SerAPI also provides a reification of Coq's document building API, making it pretty easy to build and check systematically Coq documents.

As of today SerAPI does provide the following components:

serlib: A library providing serializers for core Coq structures; the main serialization formats are S-expressions and JSON. serlib is based on ppx_sexp_conv from Jane Street and `ppx_deriving_yojson`. serlib also provides for custom hash and equality functions for many Coq types.
sertop: A toplevel executable exposing a simple document building and querying protocol. This is the main component, we document it properly below.
sercomp: A simple compiler utility for .v files that can input and output Coq files in a variety of formats. See its manual for more help.
serload: TODO

History:

SerAPI was a JsCoq offspring project; JsCoq added experimental serialization of Coq terms, however we quickly realized that this facility would be helpful in the general setting; we also took advantage of the serialization facilities to specify the Coq building API as a DSL; the client for the tool was an experimental Emacs mode by Clément Pit-Claudel.

The next step was to provide reliable "round-trip" (de)serialization of full Coq documents; Karl Palmskog contributed the round trip testing infrastructure to make this happen.

Users:

SerAPI is a bit of a swiss army knife, in the sense that it is a general "talk to Coq" tool and can do many things; a good way to understand the tool is look at some of its users, see the list of them in the Project's README

Basic Overview of the Protocol:

SerAPI protocol can be divided in two main sets of operations: document creation and checking, and document querying.

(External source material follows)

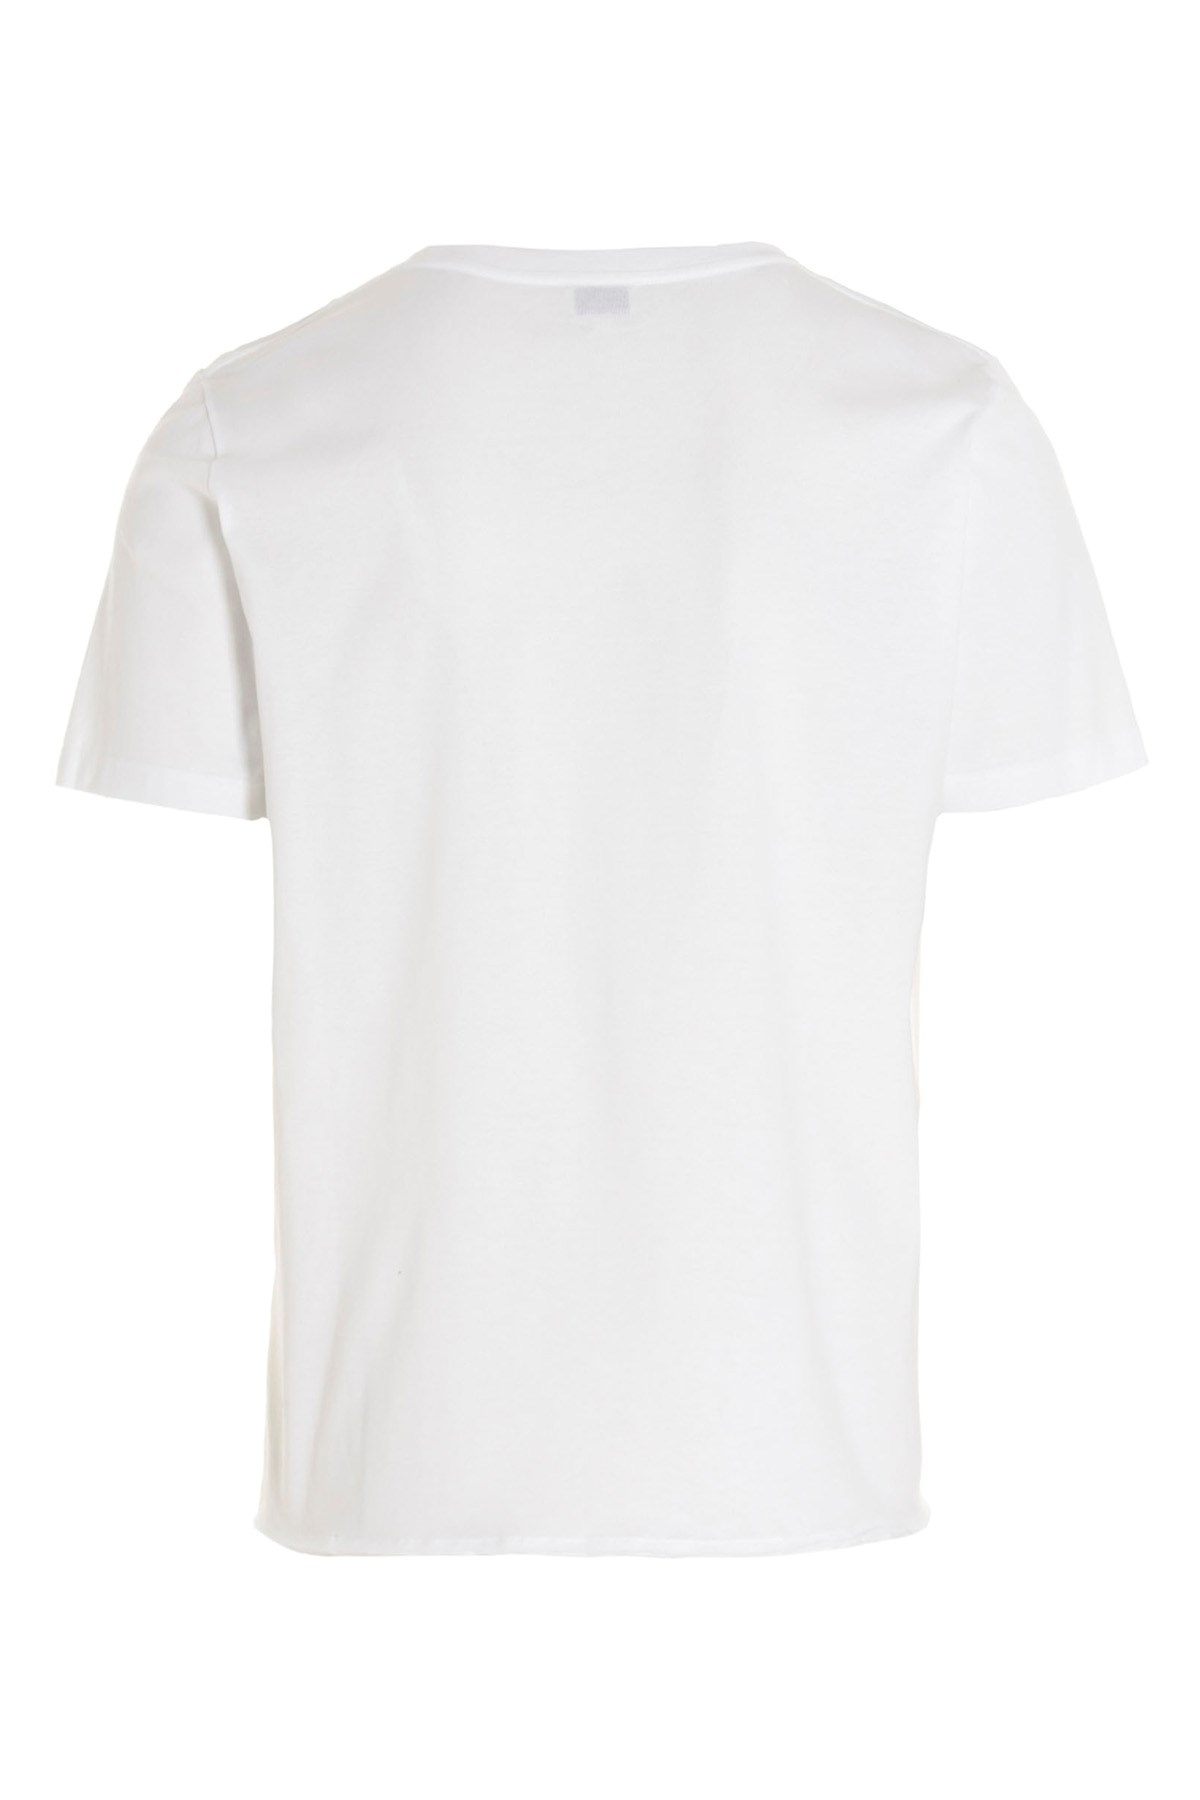 'Saint Laurent Rive Gauche' T-shirt - 3

Note that the protocol is fully specified as a DSL written in OCaml; thus, its canonical specification can be found below as documents to the OCaml code. In this section, we attempt a brief introduction, but the advanced user will without doubt want to look at the details just below.

Document creation and checking:

Before you can use SerAPI to extract any information about a Coq document, you must indeed have Coq parse and process the document. Coq's parsing process is quite complicated due to user-extensibility, but SerAPI tries to smooth the experience as much as possible.

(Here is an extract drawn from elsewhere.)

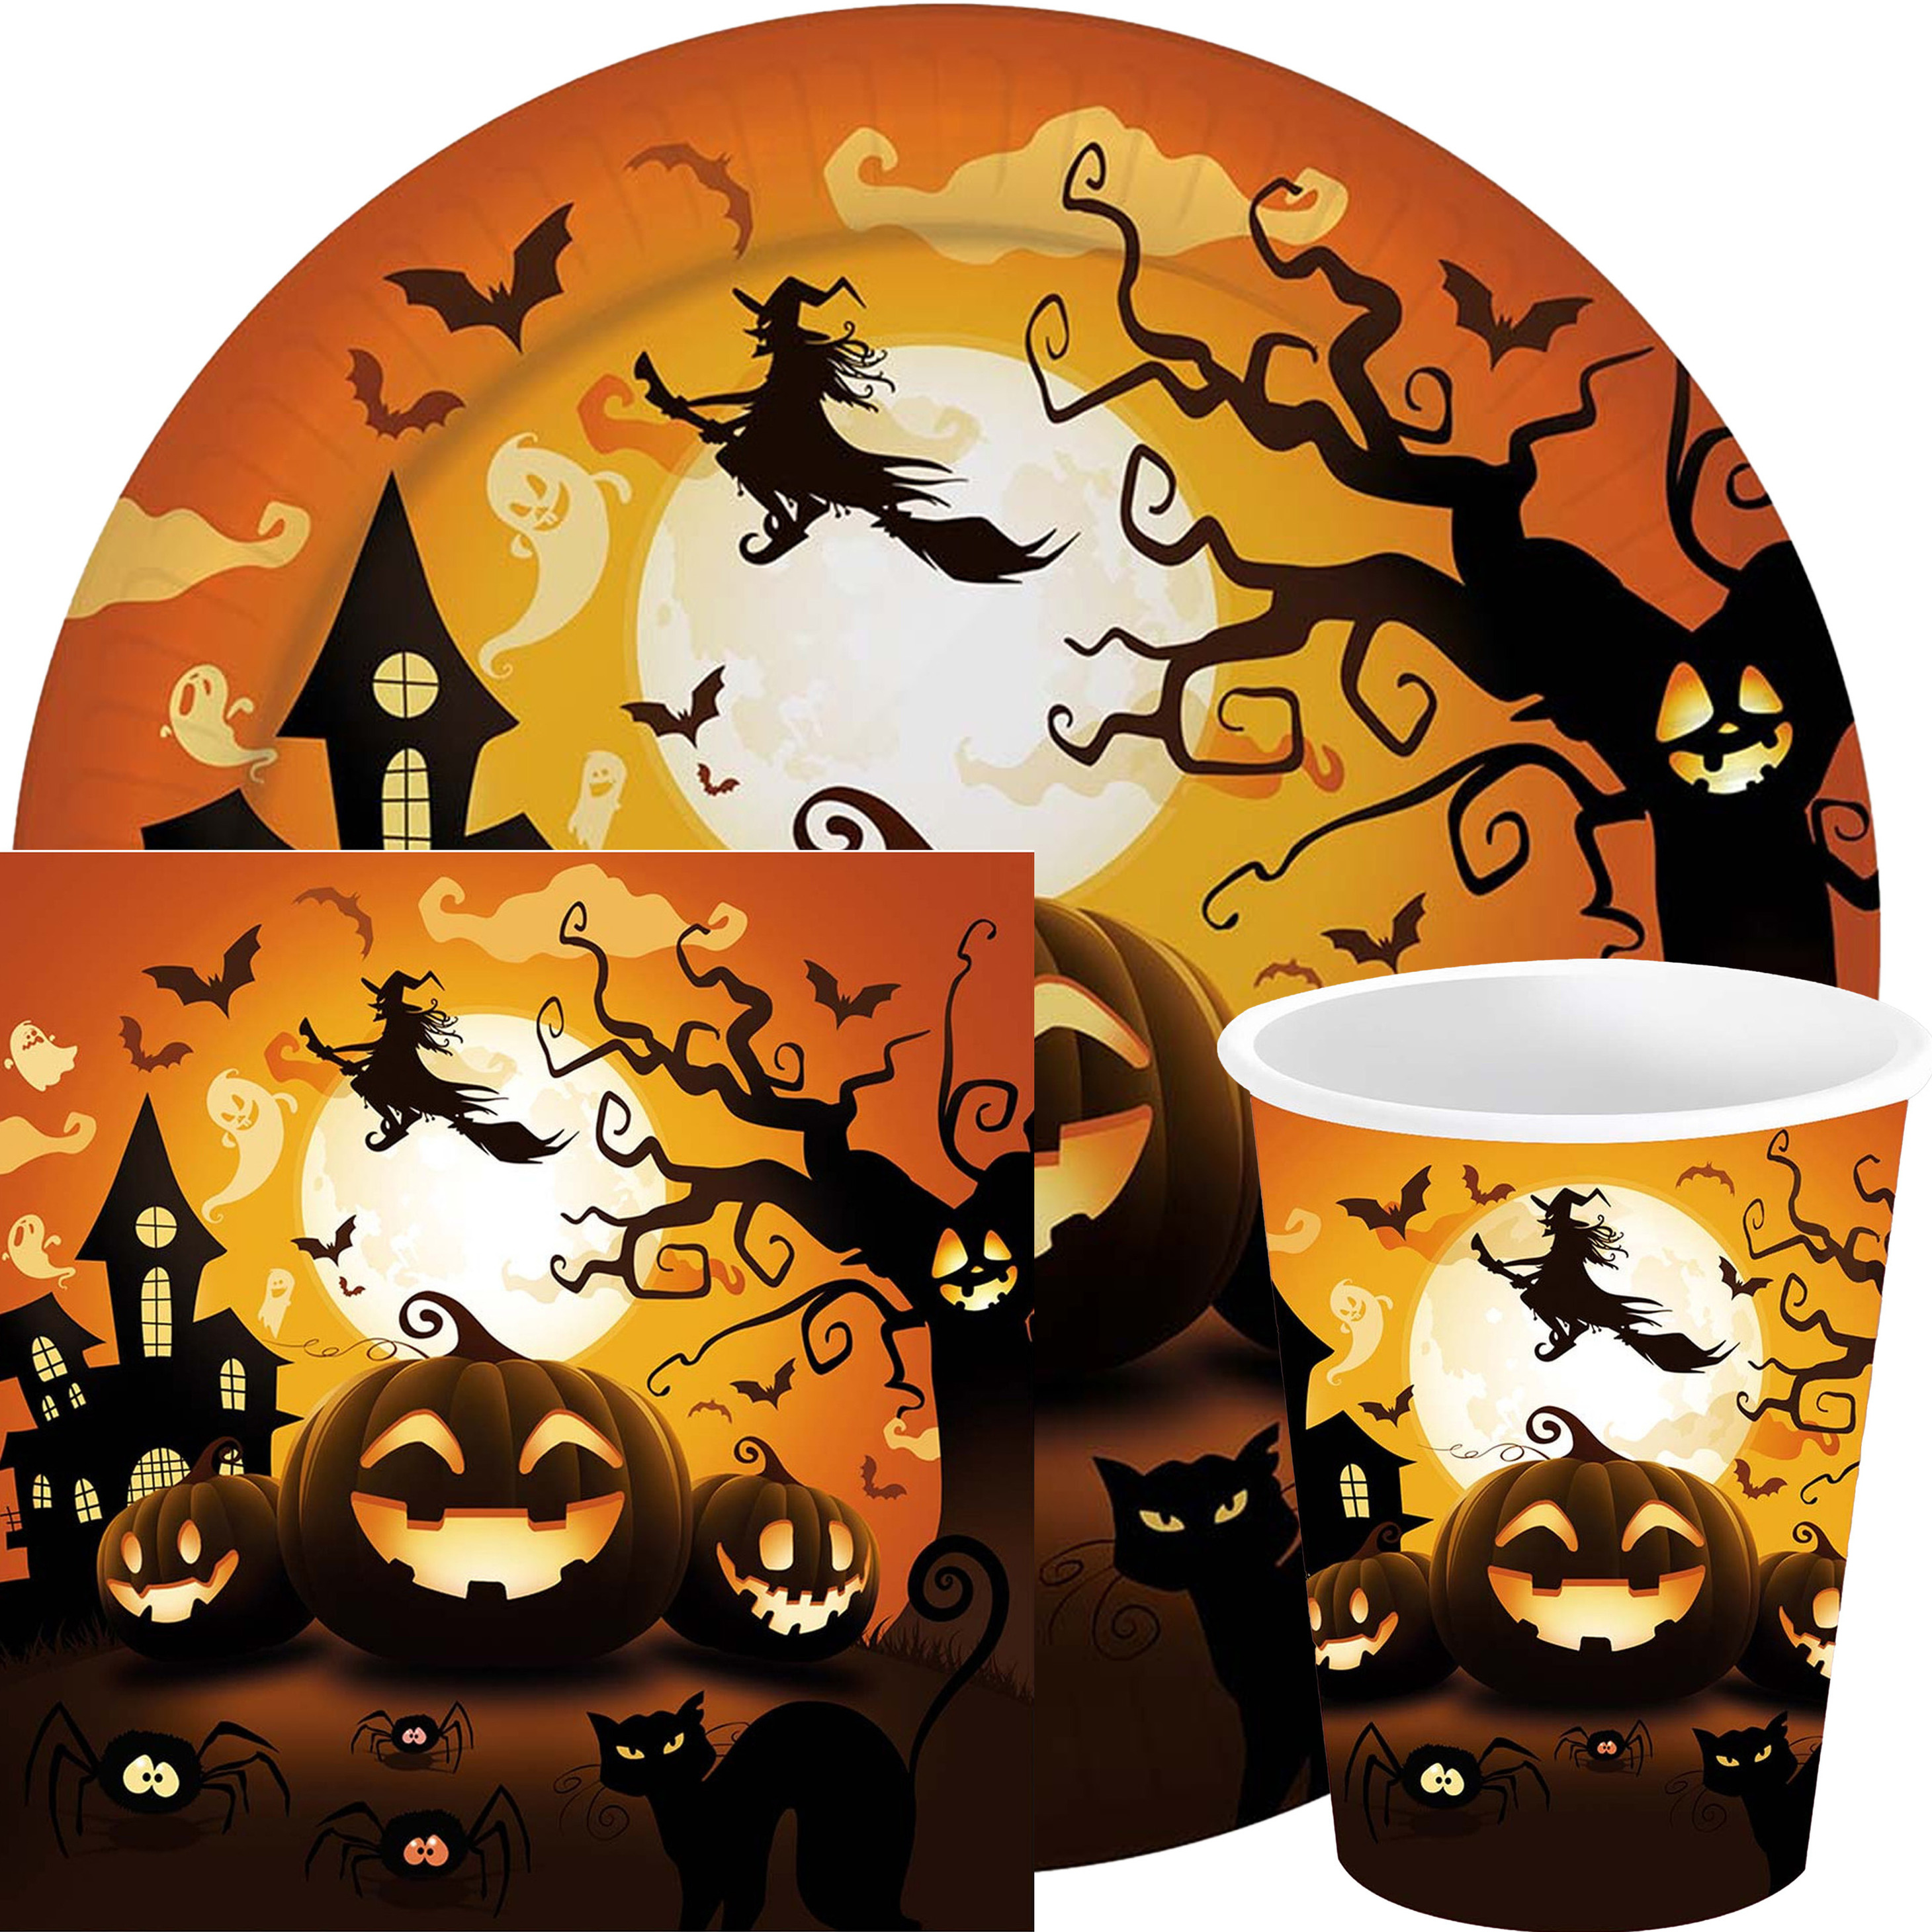 Halloween/horror pompoen feest servies set borden/bekers/servetten - 36x - zwart- papier

A Coq document is basically a list of sentences which are uniquely identified by a Stateid.t object; for our purposes this identifier is an integer.

Note: In future versions, sentence id will be deprecated, and instead we will use Language Server Protocol-style locations inside the document to identify sentences.

Each sentence has a "parent", that is to say, a previous sentence; the initial sentence has as a parent sid = 1 (sid = sentence id).

Note that the parent is important for parsing as it may modify the parsing itself, for example it may be a Notation command.

Thus, to build or append to a Coq document, you should select a parent sentence and ask SerAPI to add some new ones. This is achieved with the (Add (opts) "text") command.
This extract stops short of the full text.